Let’s explore each of these recommended actions in more depth.

Isolate your production resources from the internet 

The most effective way to ensure that Compute Engine instances don’t get compromised is to minimize their exposure to the public internet. Compute Engine VMs can have internal or external IP addresses. To minimize your attack surface, you should use Cloud NAT to assign your VMs only internal IP addresses and use Identity Aware Proxy (IAP) to allow curated access from the internet.

https://storage.googleapis.com/gweb-cloudblog-publish/images/Using_IAP_to_protect_a_VM.max-1000x1000.jpg
Using IAP to protect a VM

When you do have to directly expose a VM with an external IP address, ensure that your firewall rules restrict network access to only the ports and IP addresses that your application needs. 

Don’t

  • Assign external IP addresses to your VMs.

  • Configure permissive firewall rules that allow anyone on the internet to connect to your VMs.

Do

  • Assign private IP addresses to your VMs; don’t give them public IP addresses at all. Use IAP TCP forwarding to connect to your VMs for administration and Cloud NAT to allow your VMs to access the internet. IAP works by verifying a user’s identity and the context of the request to determine if a user should be allowed to access an application or a VM. Follow these instructions to set up IAP for your Compute Engine instances. 

  • Use Organization Policies to define allowed external IPs for VM instances, so new VM instances don’t get created or configured with an external IP address.

  • Use Security Health Analytics to detect VMs that have external IP addresses and firewall rules that are too permissive. (Note: Some Security Heath Analytics features are available only in the Premium edition of Security Command Center.) Identify and resolve the following security findings:

    • PUBLIC_IP_ADDRESS: Indicates that a Compute Engine instance is assigned an external IP address.

    • OPEN_FIREWALL: Indicates that a firewall rule is configured to allow access from any IP address or on any port.

  • Use VPC Service Controls to configure security perimeters that isolate Google Cloud resources and prevent sensitive data exfiltration—even by authorized clients.

  • Disable legacy Compute Engine instance metadata APIs and migrate your application to the v1 metadata API to help protect it against Server-Side Request Forgery (SSRF) attacks. 

But what if, despite your preventative efforts, an attacker still manages to compromise a VM? Let’s look at some ways to minimize the impact and ensure that the attacker isn’t able to move laterally and gain access to more resources.

Disable the default service accounts

Configuring identity and API access is a critical step in creating a VM. This configuration includes specifying which service account should be used by applications running on the VM. Google Cloud offers two approaches for granting privileges to your application: using a Compute Engine default service account or a user-created service account.

The Compute Engine default service account is automatically created by the Google Cloud Console project and has an auto-generated name and email address. To simplify customer onboarding, it is automatically granted the Project Editor IAM role, which means that it has read and write access to almost all resources in the project (including the ability to impersonate other service accounts). Because these privileges are so permissive, we recommend using Organization Policies to disable the automatic granting of this role. Instead, remove any access grants given to the Compute Default Service Account, and use a new service account that’s granted only the permissions your VM needs. 

Don’t

  • Use the Compute Engine default service account with the primitive Editor role.

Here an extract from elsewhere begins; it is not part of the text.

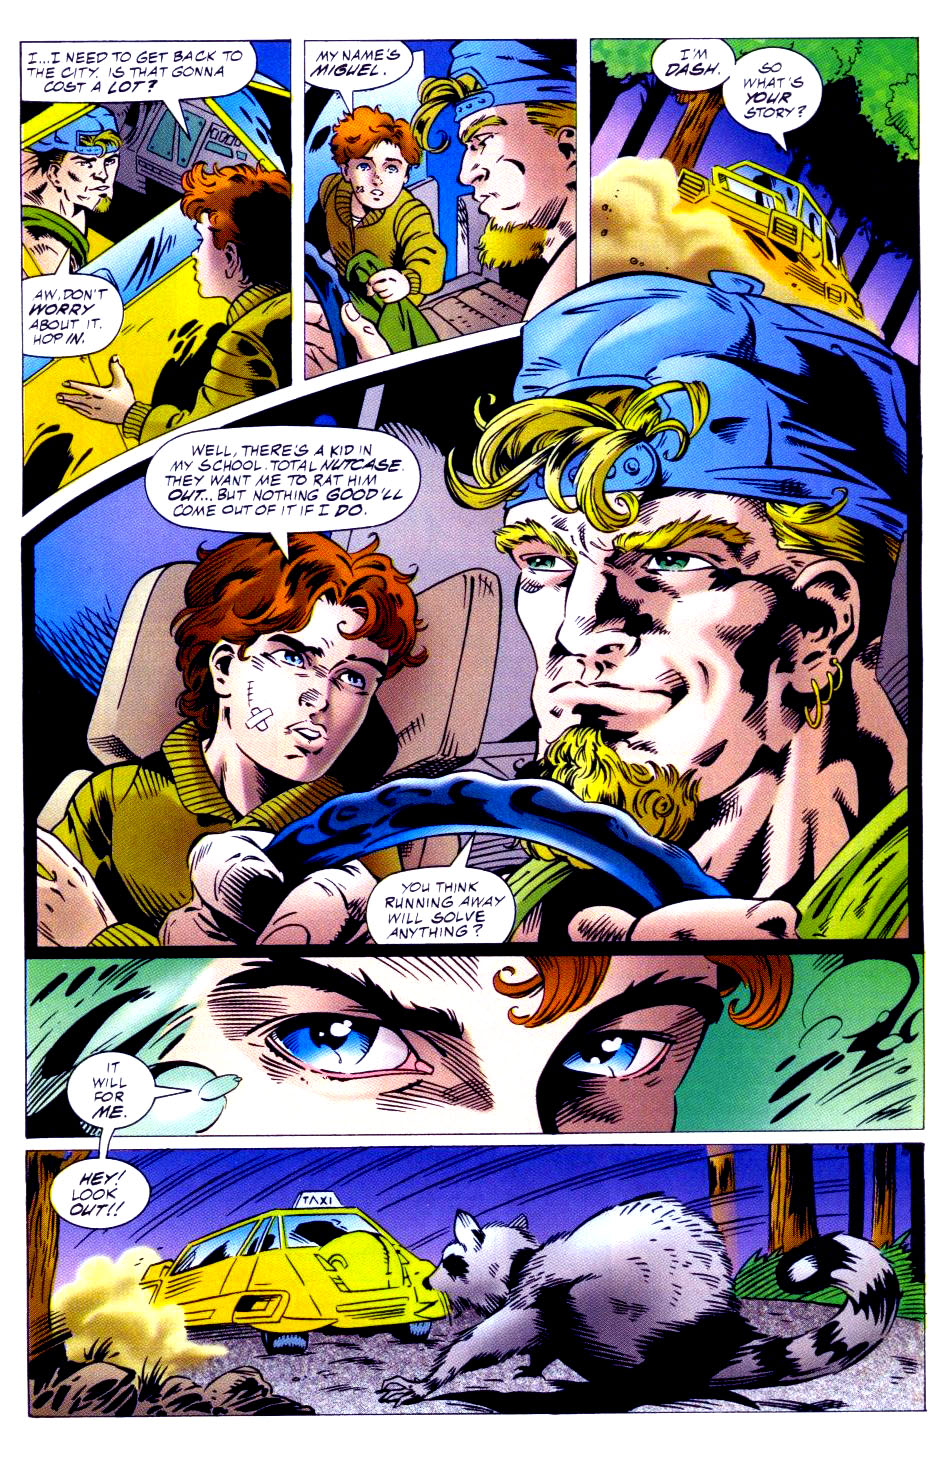 Spider-Man 2099 (1992) issue 32 - Page 20

  • Use the same service account for different applications running on different VMs.

Do

  • Revoke the Editor role for the Compute Engine default service account and create a new service account for your VM that has only the needed permissions.

  • Disable the default Compute Engine service account.

  • Use Organization Policies to “Disable Automatic IAM Grants for Default Service Accounts” so the Compute Engine Default Service Account is not granted the Editor role by default.

  • Use Security Health Analytics to detect and resolve the following misconfigurations: 

    • FULL_API_ACCESS: Indicates that a VM instance is configured to use the default service account with full access to all Google Cloud APIs.

Limit access to service account credentials

To limit an attacker’s ability to impersonate your service accounts, you should avoid creating service account keys whenever possible and protect access to existing keys. Service account keys are intended to allow external, non-Google Cloud workloads to authenticate as the service account, but when you’re operating inside Google Cloud, it’s almost never necessary to use a service account key.

Don’t

  • Generate and download private keys for your service accounts. Your Compute Engine instance can automatically assume the identity of the configured service account. 

  • Grant the Service Account User or Service Account Token Creator roles at the project level. Instead, you should grant these roles on individual service accounts, when needed. The Service Account User role allows a user to start a long-running job on behalf of a service account. The Service Account Token Creator role allows a user to directly impersonate (or assert) the identity of that service account.

Do

  • Use Organization Policies to:

    • “Disable service account key creation” and ensure that users can’t create and download user-managed private keys for service accounts.

    • “Disable service account creation” for projects that shouldn’t host service accounts.

  • Use Upload Service Account key to authenticate on-prem services with Google Cloud using a key in a Hardware Security Module. This minimizes the possibility that the service account private key will be exposed.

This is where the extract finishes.